U absolutely killed me with Jasper directing his lust first at Jane and then at Edward (lmao). That paragraphy and Jasper chanting he's straight had me laughing so hard - just Brilliant!

My favourite line in this chapter has to be though when Edward says Marcus is his hero (lol). I can just imagine them both sitting there dispassionately in this strip club with everyone going crazy and giving them the fish eye.

I'm so excited about Tanya's plan to help Bella seduce Edward and make him suffer. She already drives him crazy doing nothing so I don't think he'll survive her active efforts to drive him wild. I can't wait!! You awe me with your storyline, you really do.

Question: Was Edward blocking Emmett and Tanya when he was speaking to her and thats why he didn't pick up on the bet in their thoughts, or maybe it was the other way around?

Author's Response:

Hi there AliciaZA!

Thanks so much for the review! I loved the irony of Tanya who can have any man in the world (and has) and then comes Edward who does not dislike her, is a perfect gentleman, but truly is not interested in her. She in her thousands of years roaming the world has never had anyone (who lived) tell her "no" on anything - but she sincerely in my mind has never been rejected romantically by a soul. And that literally rocks her world. She becomes obsessed with changing that not because she loves Edward, not even because she's attracted to him. She just doesn't want her perfect record broken. And I liked the idea of Edward being a cipher. That people would NOT know about the interior life he held.

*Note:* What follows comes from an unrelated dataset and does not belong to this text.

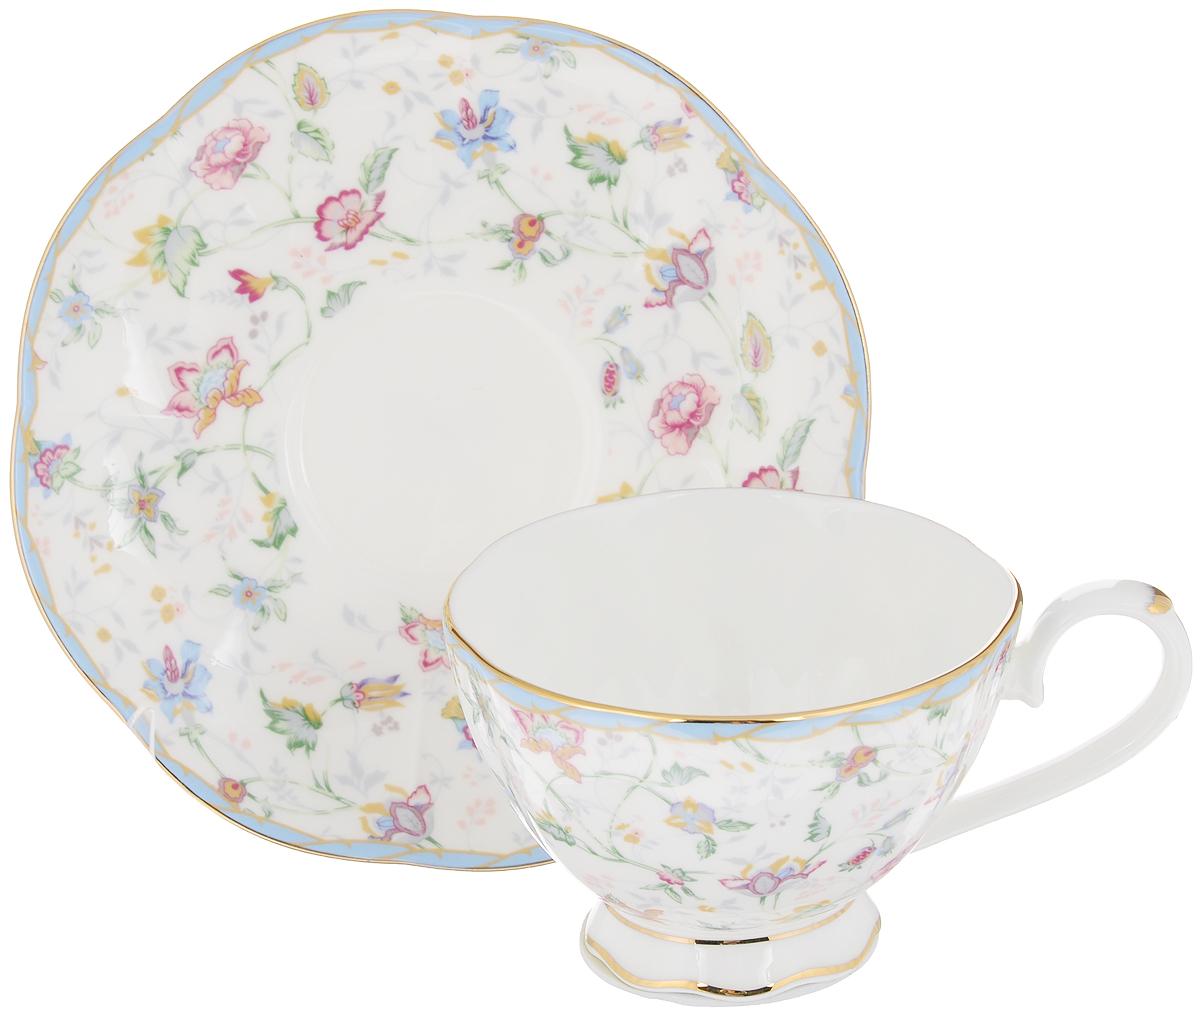 Чайная пара Цветочный каприз, 2 предмета530042Чайная пара Elan Gallery Цветочный каприз состоит из чашки и блюдца, изготовленных из керамики высшего качества, отличающегося необыкновенной прочностью и небольшим весом. Яркий дизайн, несомненно, придется вам по вкусу. Чайная пара Elan Gallery Цветочный каприз украсит ваш кухонный стол, а также станет замечательным подарком к любому празднику. Не рекомендуется применять абразивные моющие средства. Не использовать в микроволновой печи. Объем чашки: 250 мл. Диаметр чашки (по верхнему краю): 10 см. Высота чашки: 6,5 см. Диаметр блюдца: 16 см. Высота блюдца: 2,2 см.

One of the principles of nonverbal communication is that it is ambiguous. And humans use selective perception to interpret reality. I didn't see why vampires should be different, so I wanted to play that up in this chapter. Glad you liked the irony of it. I kind of thought of the idea of Jasper as being short circuited by Tanya. She blasts so much power at him that he literally couldn't cope with it and things went haywire. And to me, that would press all of Jasper's buttons because he is so uptight - and it would make him start questioning his sexuality but also his connection to his mate which is why he fled.

I'm glad you like the seduction storyline. I wanted to use it to "show" that Bella and Edward are not communicating about sex and their feelings about it to the point where Bella is being ridiculous and so is Edward.

In my mind, blocking edward is like child's play. You simply don't think about it. That's it. I thought the idea of people mentally chanting lyrics was silly. It's not hard to avoid thinking of a subject. And Edward's gift does not allow him to rifle through people's brains at will like a filing cabinet. So to me, as long as people avoid thinking about a subject and don't talk about it where he can hear, he'll never clue in. Another thing I wrote into the story is that things can go on around Edward - let's say hypothetically that Emmett messed up and DID think about the bet, Edward still might not understand it if he's distracted or if Emmett thinks about it in an abstract way that doesn't make sense to him. Does that make sense?